En tiempos de lenguaje inclusivo y de viralización de toda clase de escenas, las bromas en el lugar de trabajo pueden ser fuente de serios problemas. El caso que hoy nos convoca es un buen ejemplo.
Aunque los hechos distan de ser claros, todo pareciera indicar que un empleado – de la industria de la construcción – tenía por función cargar mercadería en un camión. En cierta oportunidad, y en tren jocoso, el funcionario pretendió hacer una chanza a sus superiores: sin autorización del encargado, colocó en el camión una caja de mercadería que no correspondía que lo hiciera. Para colmo, la caja no tenía la debida identificación.
La reacción no pudo haber sido peor: el jefe interpretó que el funcionario había intentado hurtar la caja. La discusión fue subiendo de tono, hubo amenazas de llamar a la Policía, y el funcionario presentó renuncia. Al poco tiempo, demandó judicialmente el pago de la indemnización por despido, esgrimiendo que la renuncia le había sido “arrancada” bajo severas amenazas.
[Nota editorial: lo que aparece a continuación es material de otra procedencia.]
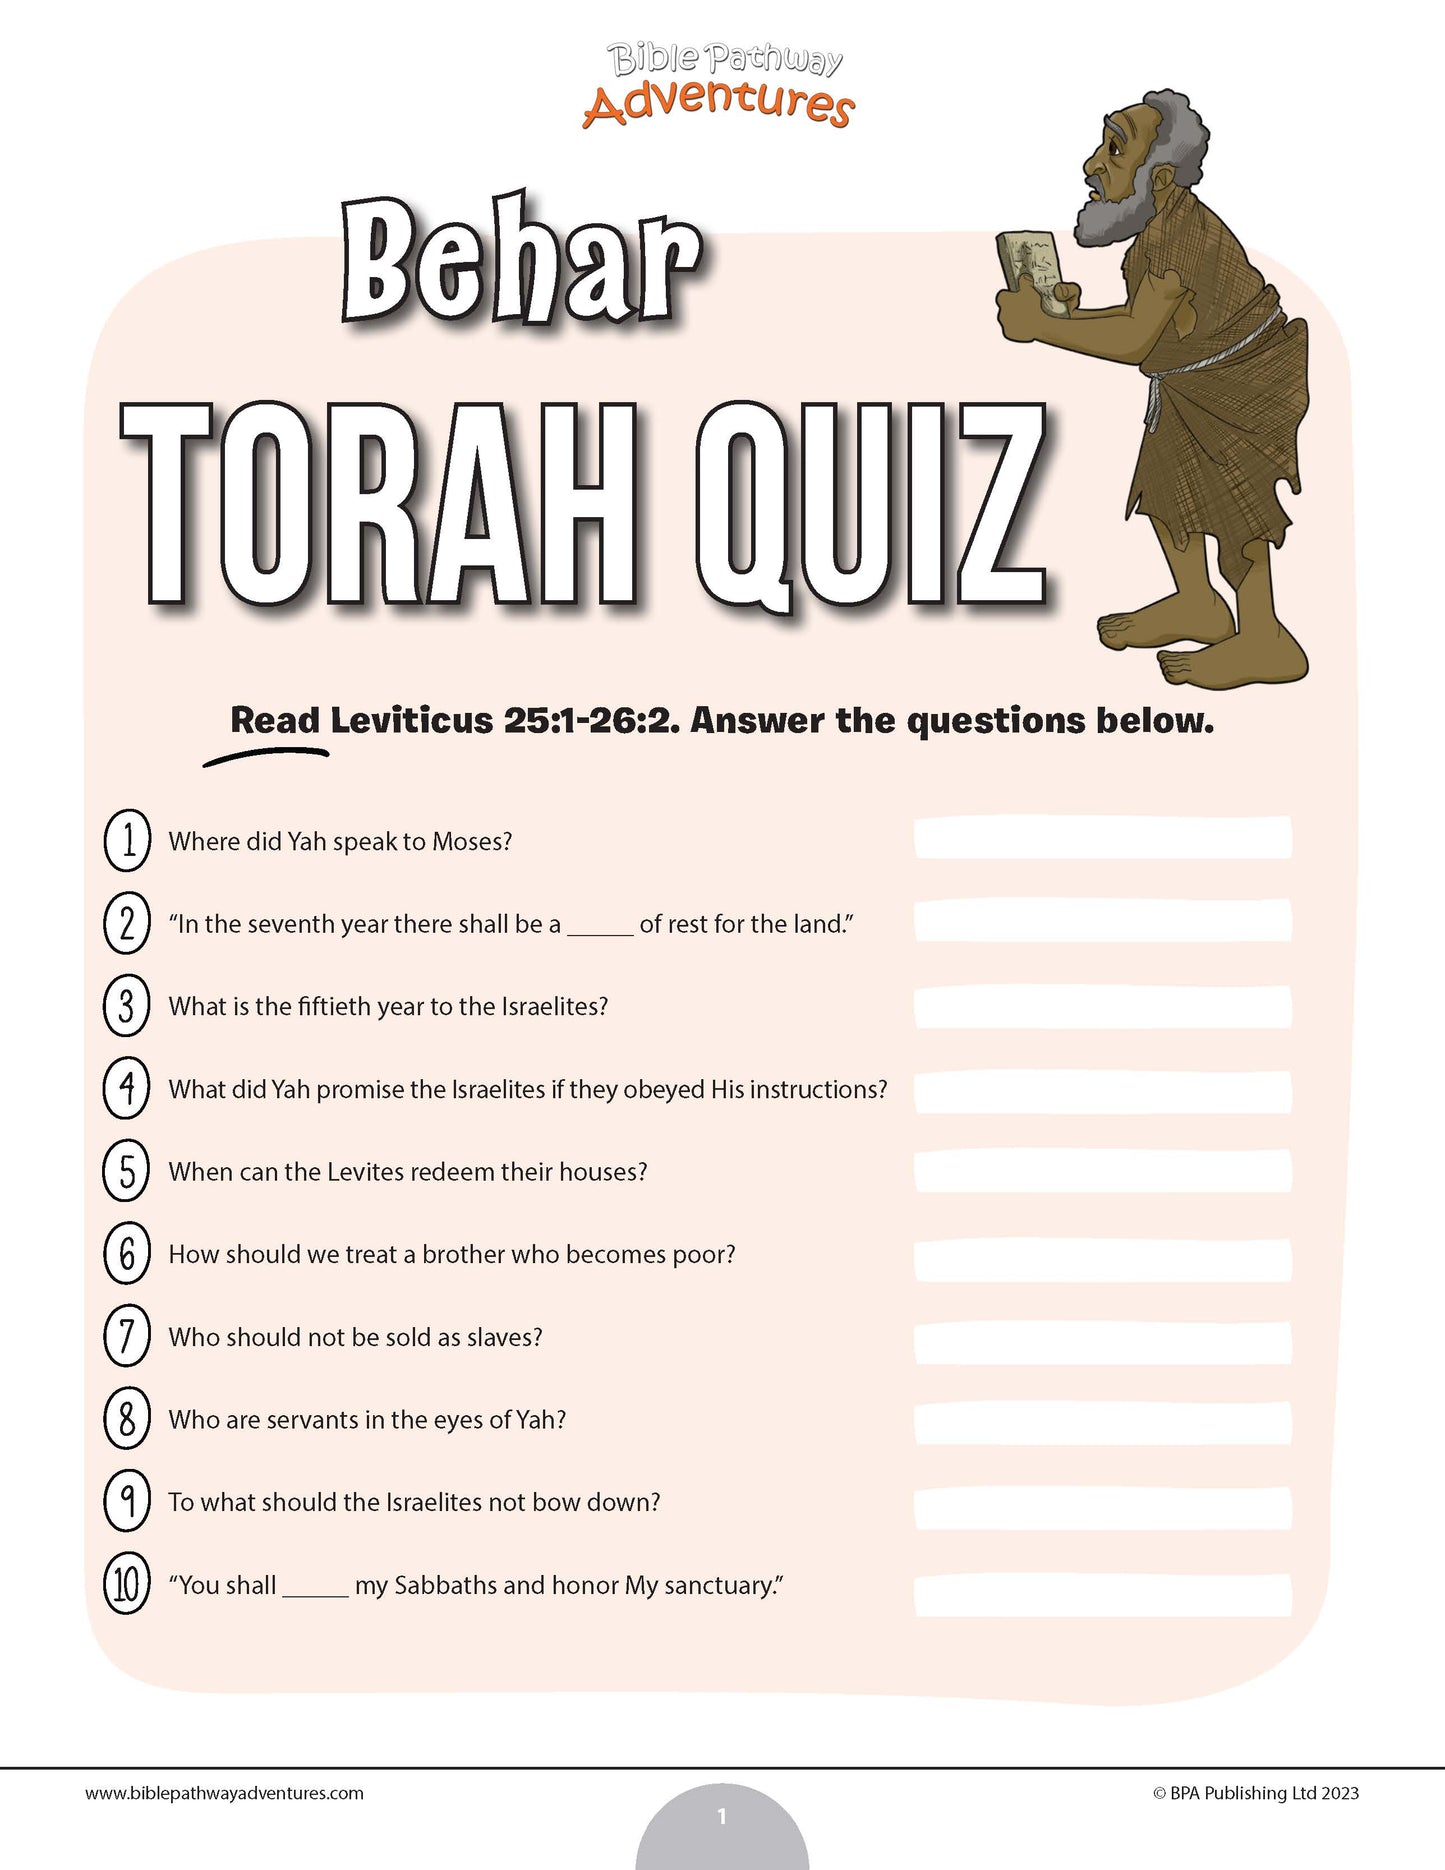 Cuestionario Behar Torá
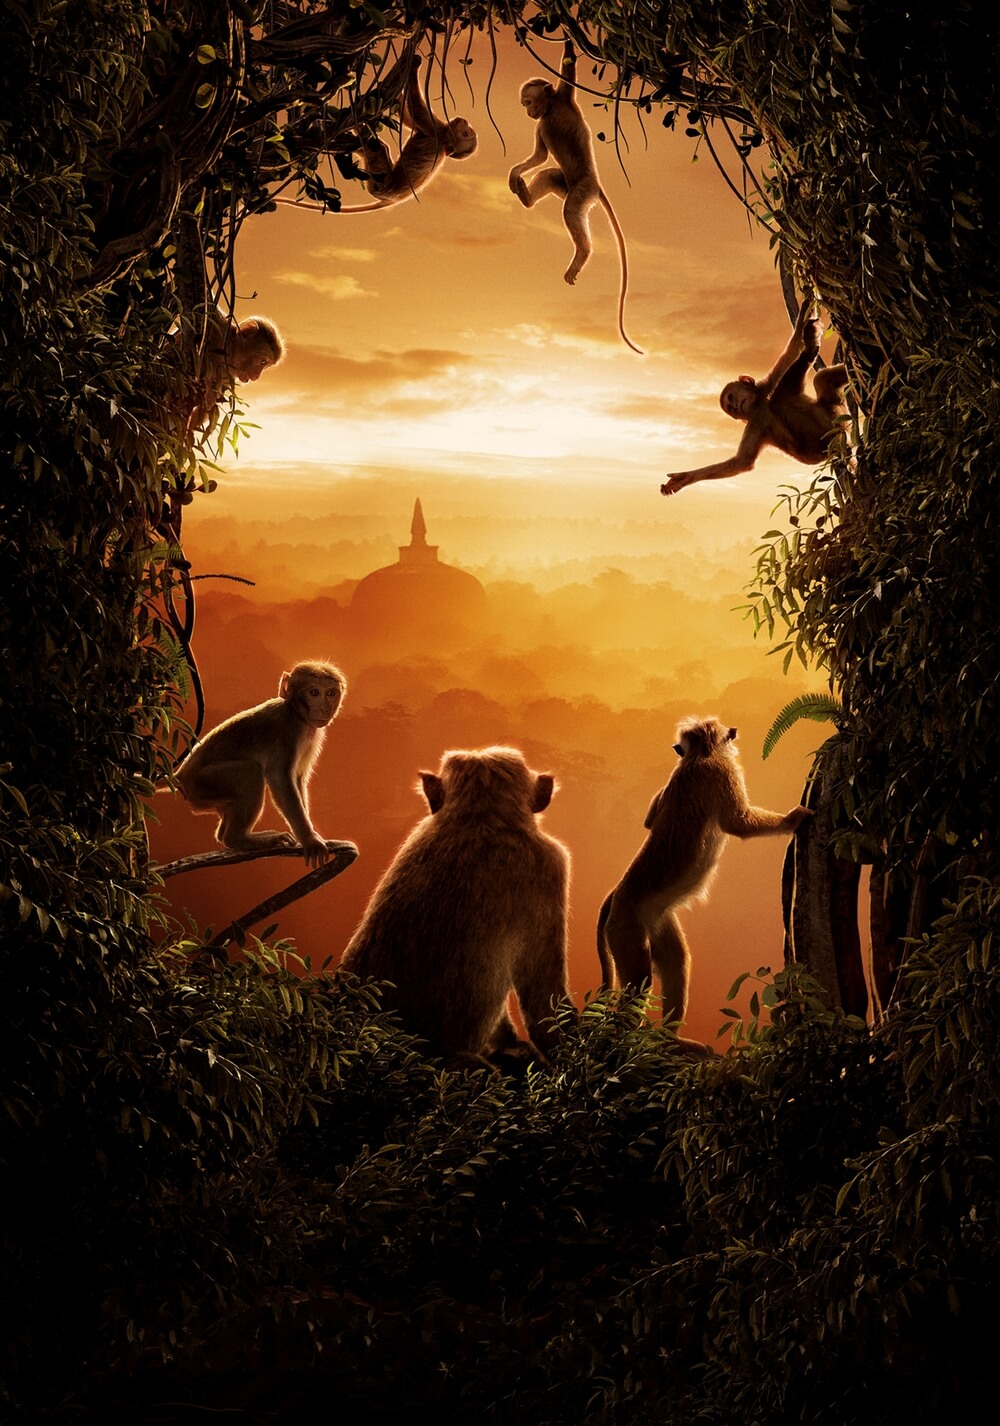 پادشاهی میمون ها (Monkey Kingdom)

El caso llegó al Tribunal de Apelaciones del Trabajo (“el Tribunal”) que rechazó el planteo del empleado. Razonando con toda lucidez, el Tribunal expresó que si la empresa demandada había agregado la carta de renuncia firmada, tocaba al actor – el empleado – destruir la eficacia probatoria de esa carta.
En opinión del Tribunal, el empleado no cumplió con su carga probatoria porque ningún testigo dijo presenciar coacción alguna. Sostuvo el Tribunal que si bien la renuncia bien pudo haber sido emitida en un momento de inseguridad (ante el cuestionamiento de sus superiores a raíz del episodio de la caja), esa renuncia no evidenciaba coacción; más bien, cierto apresuramiento a la hora de tomar la decisión de dejar la empresa, en lugar de aguardar la eventual sanción de ésta.
Por eso, pocas veces tan cierto aquello de que la impaciencia es la madre de todos los pecados.